June 2, 2015
Hombre
Jake Mulligan READ TIME: 2 MIN.
"Hombre" is based on a novel by Elmore Leonard, and that's not hard to discern. After a lengthy set-up in a sleepy western town, we set off in a stagecoach, with a collection of skewed archetypes: There's the righteous hero (who happens to have been raised among Apaches, despite being white), the sniveling villain (who shows as much bravery as anyone else), and the fair lady (who's a better fighter than most of the men on board), for starters.
Leonard was always spinning well-worn genres and narratives by situating them in a more socially-aware world than most others would care to depict.

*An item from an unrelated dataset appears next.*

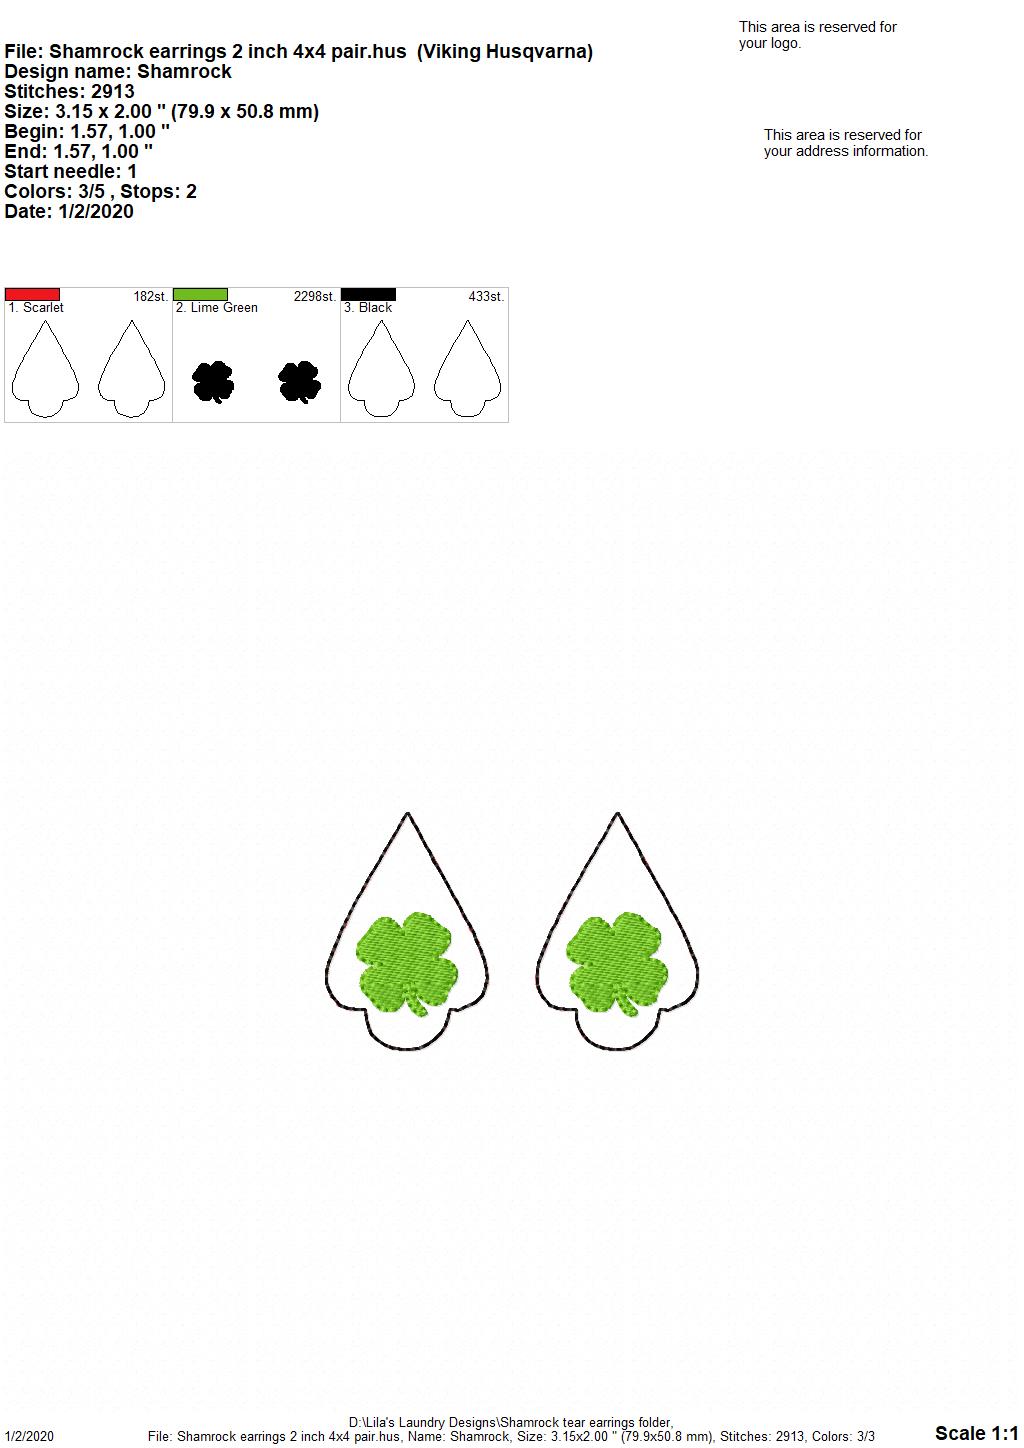 Shamrock Tear Drop Earrings - 3 sizes - Digital Embroidery Design

This film (which is directed by Martin Ritt and stars Paul Newman in the title role, as the Apache-raised white boy) also bears the signs of Leonard's progressive political voice. Newman's hero goes through a character arc that explicitly frames white people as the "villains" of the west.
He's inevitably called into action by the stagecoach's inhabitants. And when he helps them, it's not for redemptions, or inclusion -- he's just not cold enough to let all these children of colonialists die without a fighting chance. He may be a hero born of the old West, but the politics on display here predict the 'revisionist westerns' of the 1970s, like "McCabe & Mrs. Miller" and "Little Big Man." "Hombre" regards the American west of John Wayne and Roy Rogers with nothing less than active disdain.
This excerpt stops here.